Nef E-values are calculated in two ways, termed dE0 and dE90. The dE0 values were derived from a model that considers only consensus versus mutant amino acids at each codon, while the dE90 values were derived from a model that considers all amino acid variants at each codon. The relationship between each standardized Nef function (SERINC3, SERINC5, HLA-I and CD4 downregulation, as well as TCR signalling alteration) and dE0 is presented in Table 3. Univariable analyses revealed that SERINC3 down-regulation (p < 0.0001), SERINC5 down-regulation (p = 0.038), and CD4 down-regulation (p = 0.046) were significantly, and negatively, associated with dE0 values. A negative coefficient indicates that an increase in that Nef function leads to a lower dE0 value (i.e. an increase in overall Nef fitness). Bivariate analyses indicated that the effect of SERINC3 down-regulation on dE0 was modified by HLA-I down-regulation and SERINC5 down-regulation, as these Nef functions changed the co-efficient of SERINC3 down-regulation by more than 10% (not shown). When adjusting for the effect of these Nef functions in a multivariable model (Table 3), only the association of SERINC3 down-regulation with dE0 remained significant (p = 0.002).

Table 3 Quantile regression models showing the relationship between each Nef function and E values

Consistent with the dE0 analysis, SERINC3 down-regulation (p = 0.0001), SERINC5 down-regulation (p = 0.003) and CD4 down-regulation (p = 0.020) were all significantly and negatively associated with the dE90 values in univariable analyses (Table 3). When adjusting for Nef functions that modified the co-efficient of SERINC3 down-regulation by more than 10% (HLA-I down-regulation and SERINC5 down-regulation), SERINC3 down-regulation remained a statistically significant driver of dE90 (p = 0.009) (Table 3).

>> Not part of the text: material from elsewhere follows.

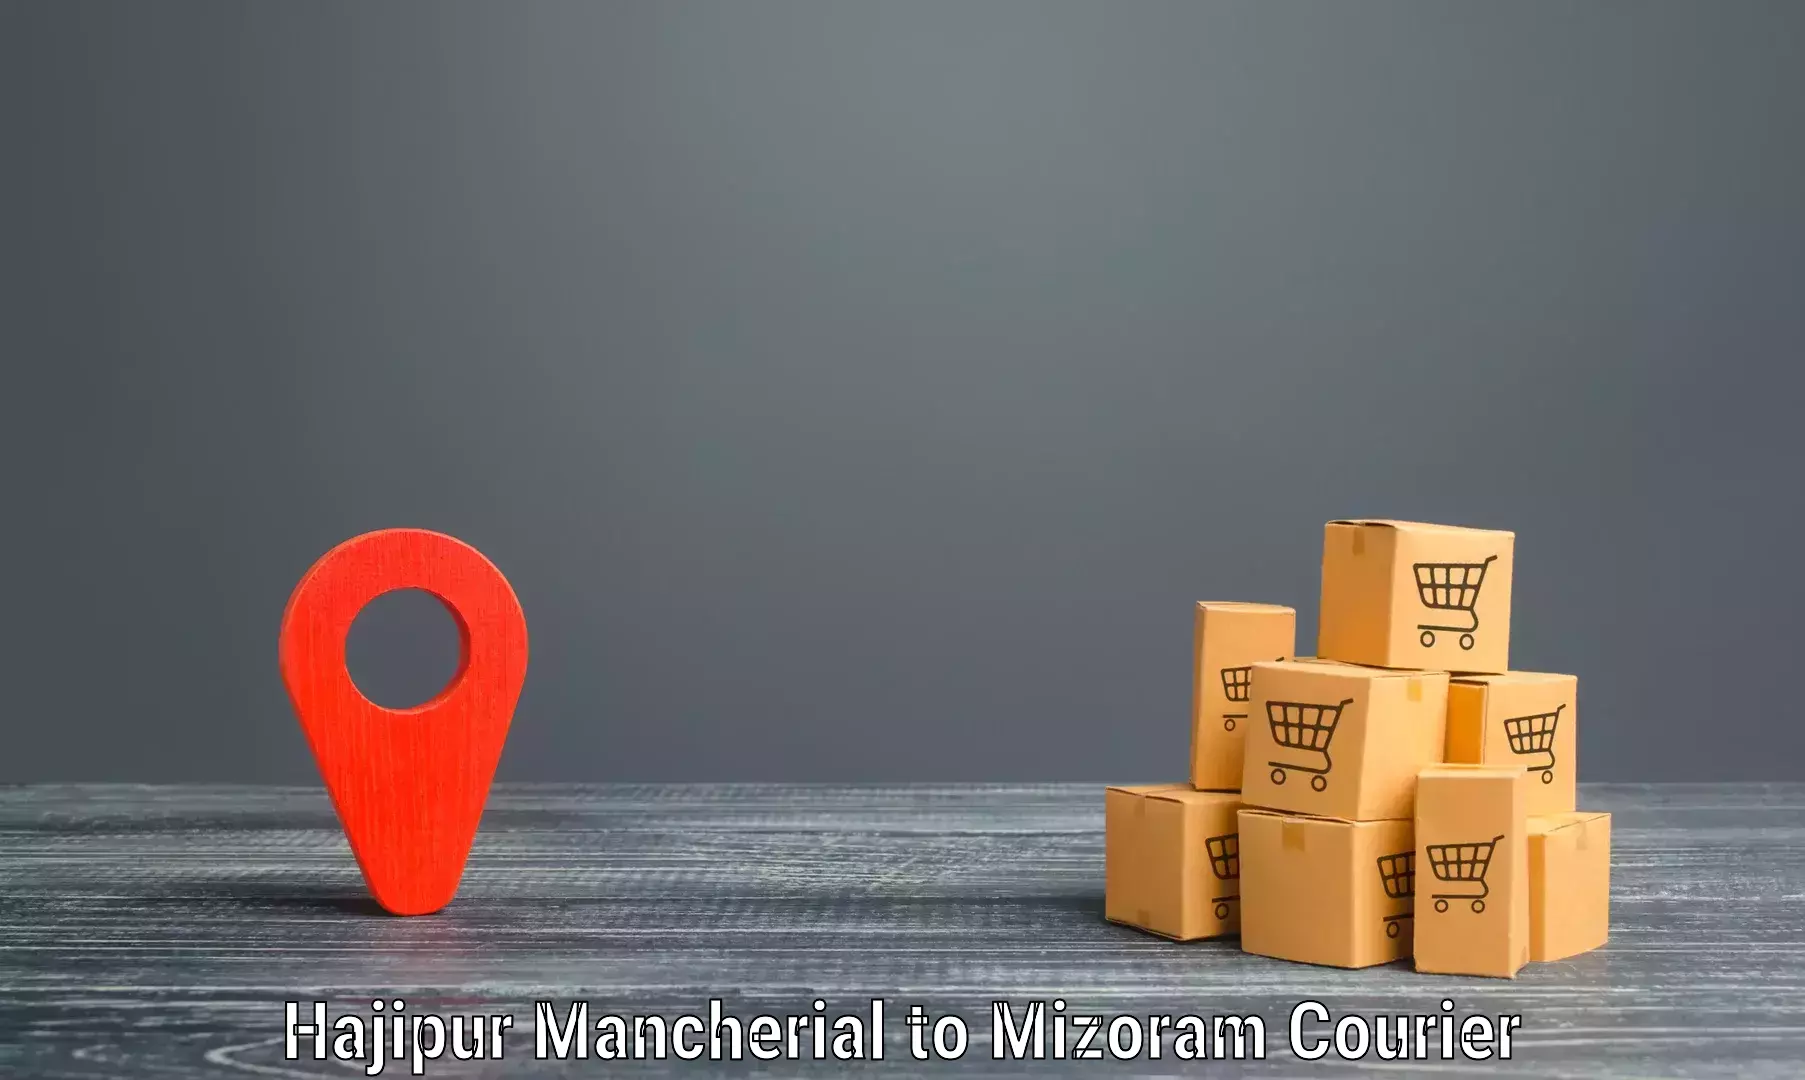 Cash on delivery service Hajipur Mancherial to Mizoram

Overall, SERINC3, SERINC5 and CD4 down-regulation were significant predictors of Nef E values, and this was consistent for both the dE0 and dE90 models.

Discussion

Here we studied 107 Nef isolates derived from early HIV-1 subtype C infection in order to explore the Nef sequence determinants of SERINC3 down-regulation and assess the contribution of SERINC3 down-regulation activity to viral load set point and rate of CD4 + T cell decline. We also explored the contribution of SERINC3 downregulation to overall Nef fitness, estimated for each sequence using a previously-described computational model [16].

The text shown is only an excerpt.